Prayer ban sparks legal dispute in Berlin: Muslim students take school to court
A high school in Berlin has been taken to court after allegedly banning Muslim students from performing prayers on school premises, according to The European Conservative.
The Civil Rights Association (GFF) filed a lawsuit on October 16 under Berlin’s State Anti-Discrimination Act, challenging the school’s internal regulation that prohibits “conspicuous religious practices” in order to “maintain school peace.”
The GFF argues that the policy disproportionately affects Muslim students.
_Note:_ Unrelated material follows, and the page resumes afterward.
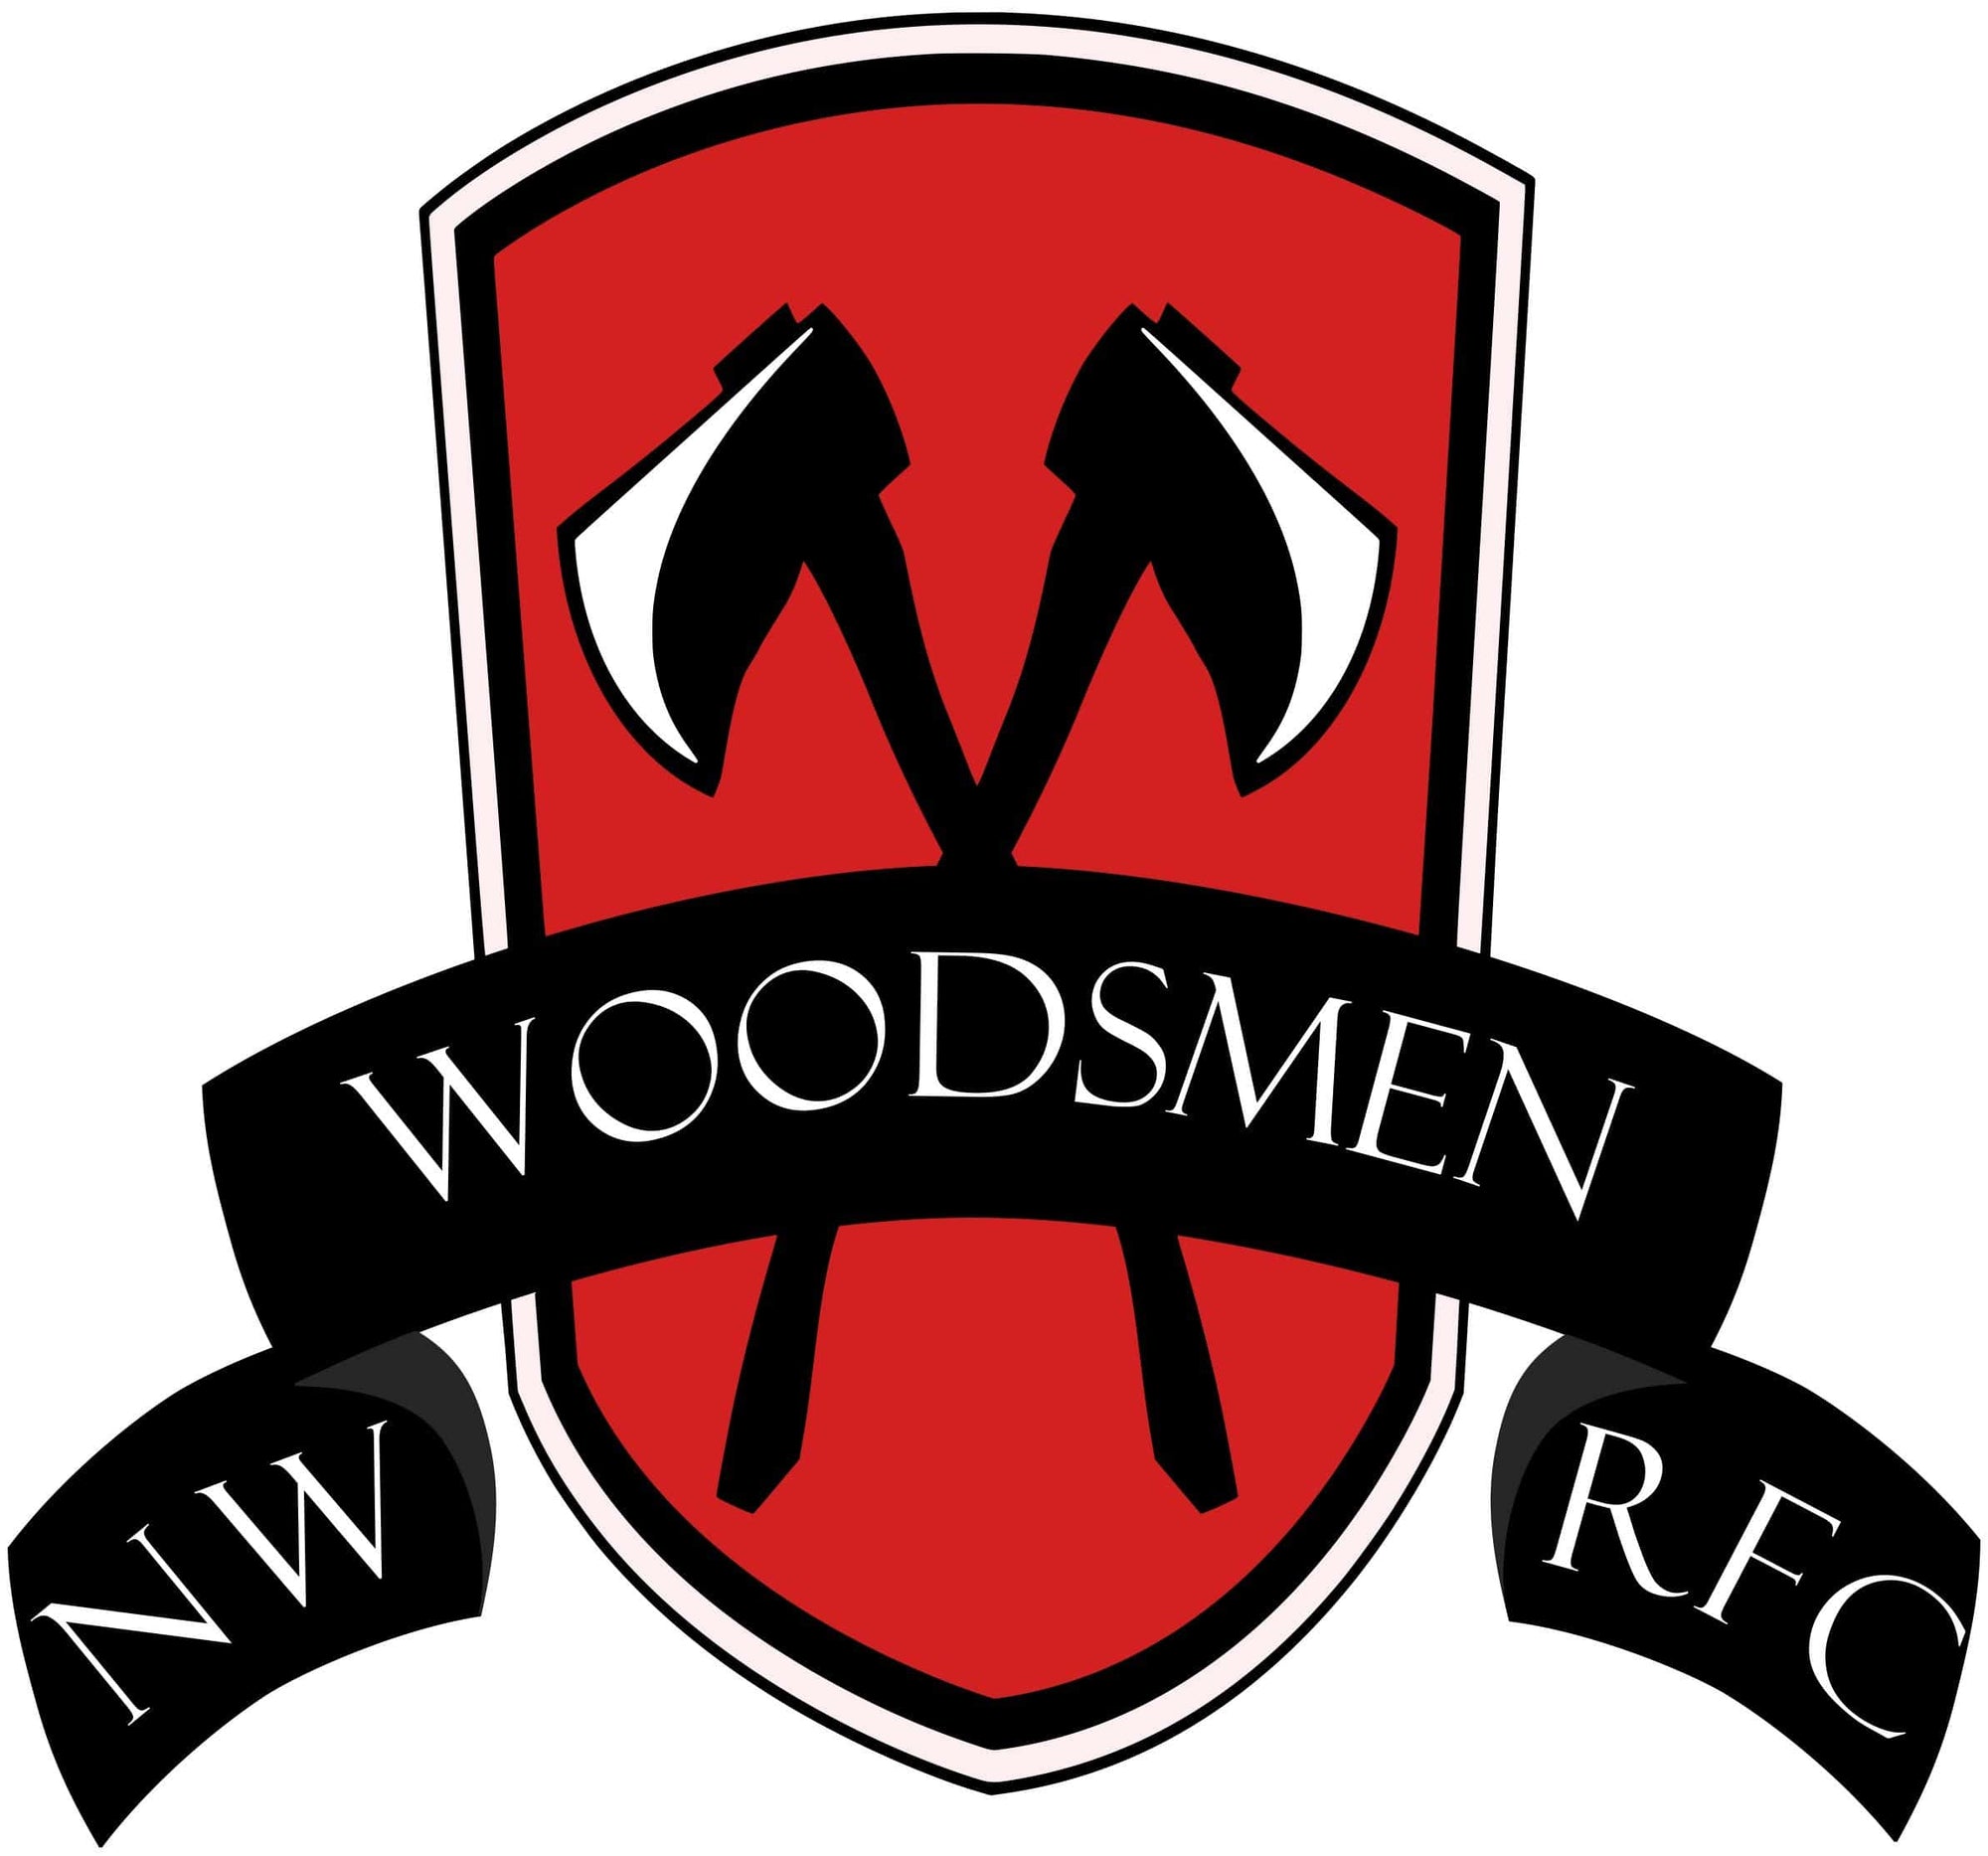 Northwest Woodsmen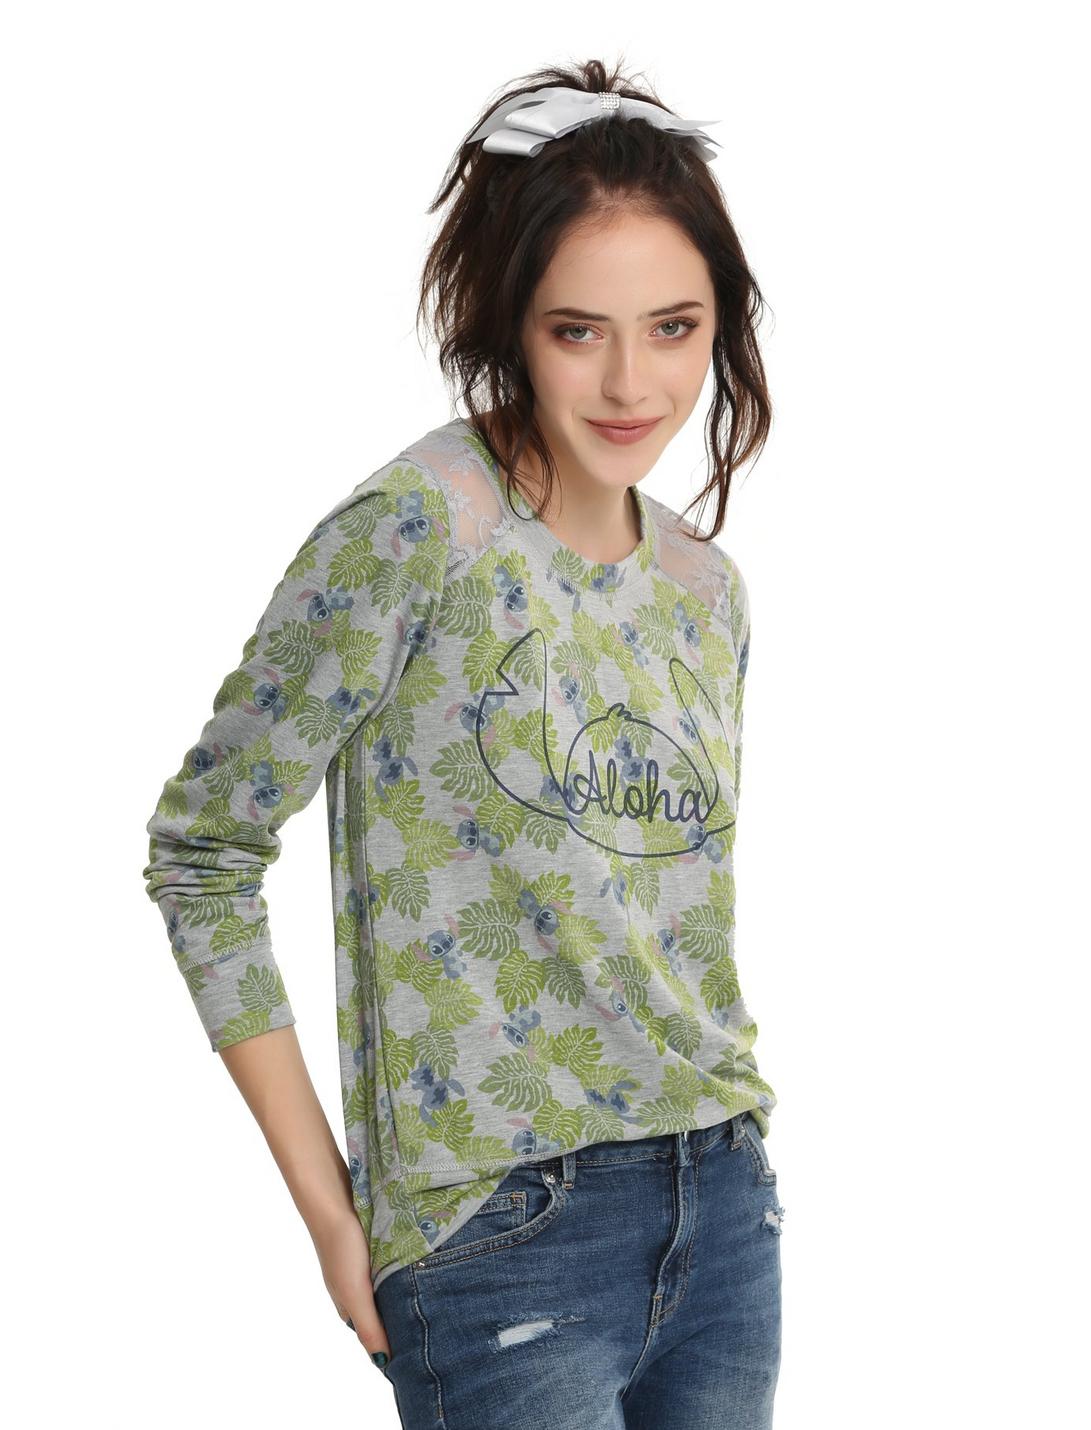 Disney Lilo & Stitch Alhoa Foliage Girls Sweatshirt, GREY, hi-res

The organization’s legal expert Soraia Da Costa Batista stated:
“If Muslim students are forced to hide in toilets or behind bushes to pray out of fear of punishment, this represents a serious infringement on fundamental rights.”
The school principal, speaking to Tagesspiegel, defended the regulation, claiming that designated prayer areas had “disrupted order” within the school.
According to research by education expert Margit Stein, one-third of schools in Berlin experience tensions related to religious practices and worship.
The lawsuit comes shortly after the German state of Schleswig-Holstein granted Muslim students two official holidays for Ramadan Bayram (Eid al-Fitr) and Kurban Bayram (Eid al-Adha), and began preparations to introduce Islamic religious education in schools.